As the firstborn child of the farmer and landowner Peter Kilian and his wife Maria (née Mättig) of Hochkirch, Jan Kilian was born on March 22, 1811, in Döhlen, a village located near the city of Bautzen in Saxon Upper Lusatia.  When Jan was two years old, his sister Anna, only a few weeks of age, died, and soon after, his mother also died at the age of 26.  Consequently, his father married a widow from the neighboring town of Meschwitz.  He too died in 1821.  At this point, Jan’s care was taken up by his maternal family, to which belonged respected and wealthy mill owners in the Hochkirch region.  Thus, Jan’s education at the Gymnasium in Bautzen and his theological studies at the University of Leipzig were made possible.  After the conclusion of his studies in 1834, he worked as an assistant pastor for Rev. Möhn in his home congregation in Hochkirch.

            Already as a young man, it was clear that Jan Kilian placed great value on his Wendish ethnicity and his Lutheran faith.  At the Bautzen Gymnasium, he gathered around him other Wendish students.  This group dedicated itself to the study of their mother tongue.  However, in Leipzig, Kilian did not attach himself to the Wendish Preaching Society, which had been founded in 1716.  Affiliation with this society was a common practice among the Wendish students in Leipzig.  Instead, Kilian attached himself to a group of devout and fervent German students.  During his youth, Kilian had made a vow that he would dedicate his life to foreign mission work.  In order to fulfill this vow, he enrolled in the St. Chrischona Mission School in Basel (Switzerland) in 1837.  However, soon after his arrival, Kilian’s uncle, Rev. Michael Kilian of Kotitz near Weißenberg, died, and Kilian returned to Lusatia to take up his uncle’s pastoral position.

            The small size of the church parish, to which only Kotitz and the neighboring village of Särka belonged, made it possible for the young pastor to cultivate his personal interests once he was done fulfilling his pastoral duties.  To further the Lutheran faith among the Wends, Kilian turned to pen and paper.  Within only a few years’ time, he published a series of Wendish books, primarily translations of German religious writings.  Some of these sold out so quickly that additional printings were needed.  In Kotitz, Kilian also developed into a masterful and prolific chorale lyricist. In 1846, a collection of his church songs was published.  He even composed the melodies to accompany some of the verses.  The small book went through multiple printings and was used for decades as a textbook in some Wendish schools.  With his over 100 chorales, Kilian is considered one of the most outstanding poets among the Lutheran Wends.  In his publications, he appealed urgently to his Wendish fellow-countrymen to preserve the language and faith of their fathers.
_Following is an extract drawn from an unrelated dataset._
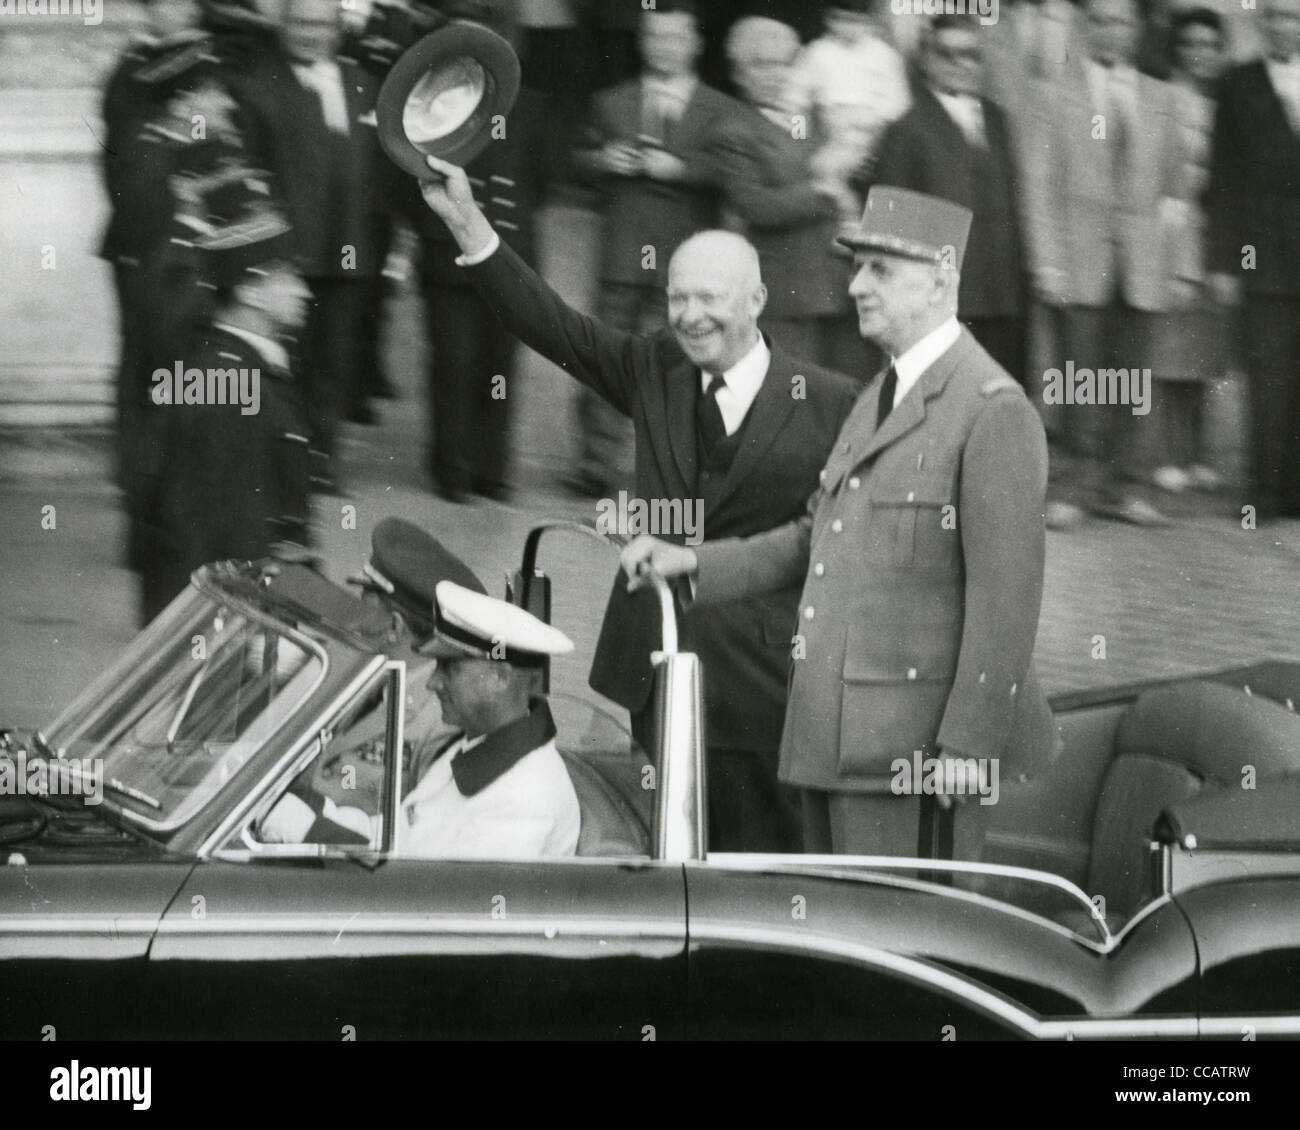 US PRESIDENT DWIGHT D. EISENHOWER waIves to crowd on visit to Paris with President Charles De Gaulle in 1960 Stock Photo
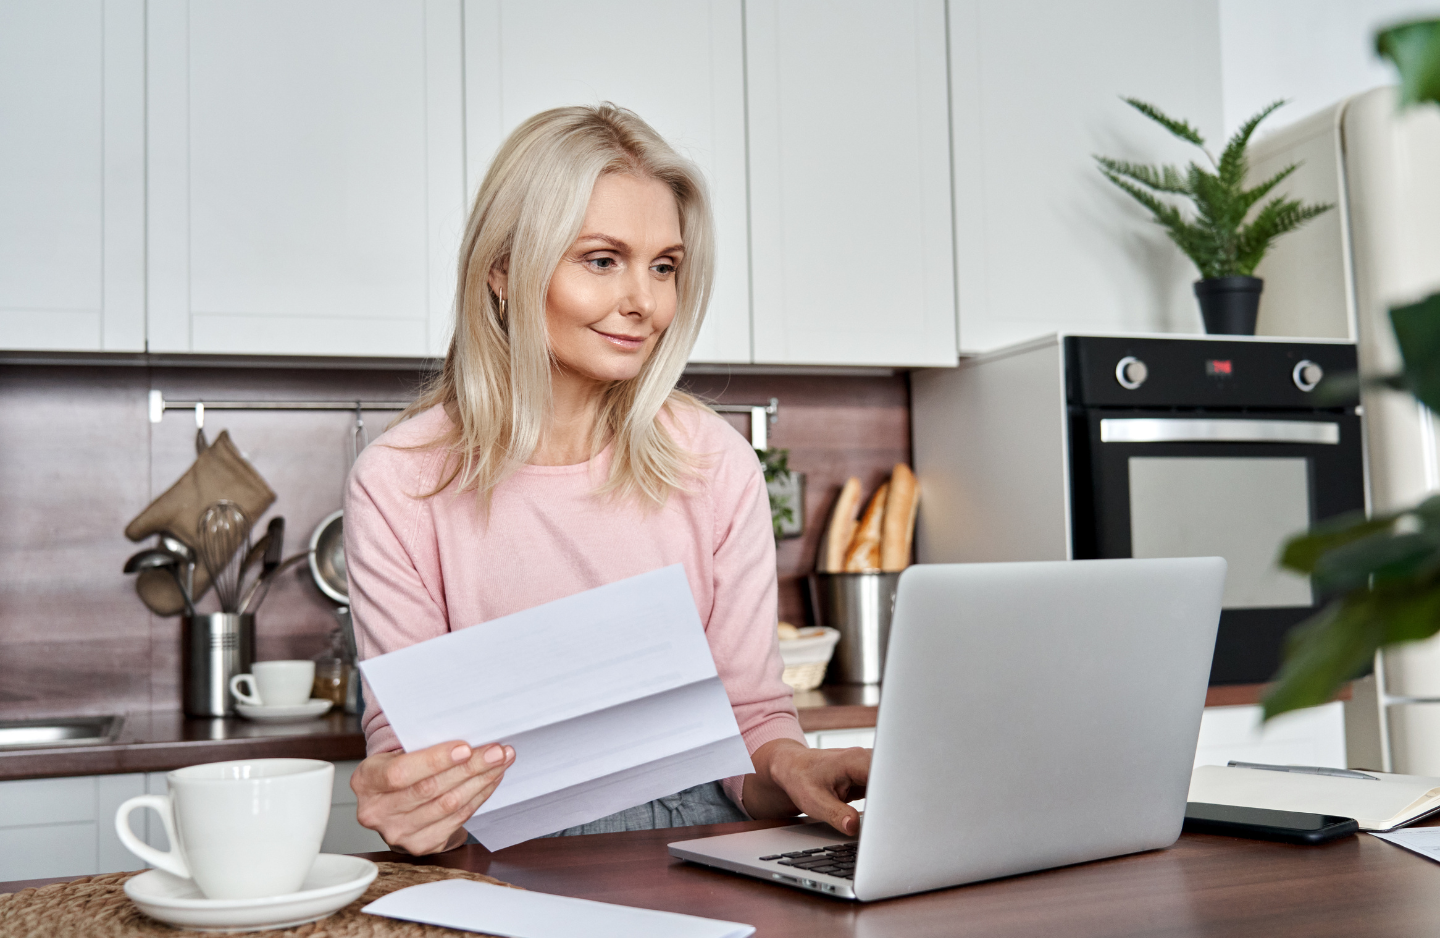 Woman sitting at counter looking at paper and laptop.

            While at Kotitz, Kilian’s reputation as a preacher spread far.  His powerful sermons attracted churchgoers from across the entire region and even from neighboring Prussia.  Faithful Prussians asked him for advice on the religious issues they were then facing.  The Prussian King Friedrich Wilhelm III had ordered the unification of the Lutheran and Reformed confessions into one church body.  The pious Wendish subjects were uncertain if they should take part in this union or if they should separate from the state church, a development that had already occurred in other parts of Prussia.  Kilian recommended the course of separation.  He established contact with the so-called Old Lutherans in Silesia, who had already split from the state church, and then translated the writings of this group into Wendish.  Subsequently in 1843, the Old Lutheran parish of Weigersdorf and Klitten was established.  No one among the Wendish pastors was willing to take on the responsibilities of the separatist congregation.  Ultimately, Kilian felt obligated to leave Saxon Kotitz to become pastor in Prussian Weigersdorf in 1848.  That same year he married Maria Gröschel from Särka, a Wendish farmer’s daughter from his congregation in Kotitz.  For over 32 years, she remained a true helpmeet and companion.  During their years in Weigersdorf, the couple had four children, three of which died young, and only their son Gerhard grew to adulthood.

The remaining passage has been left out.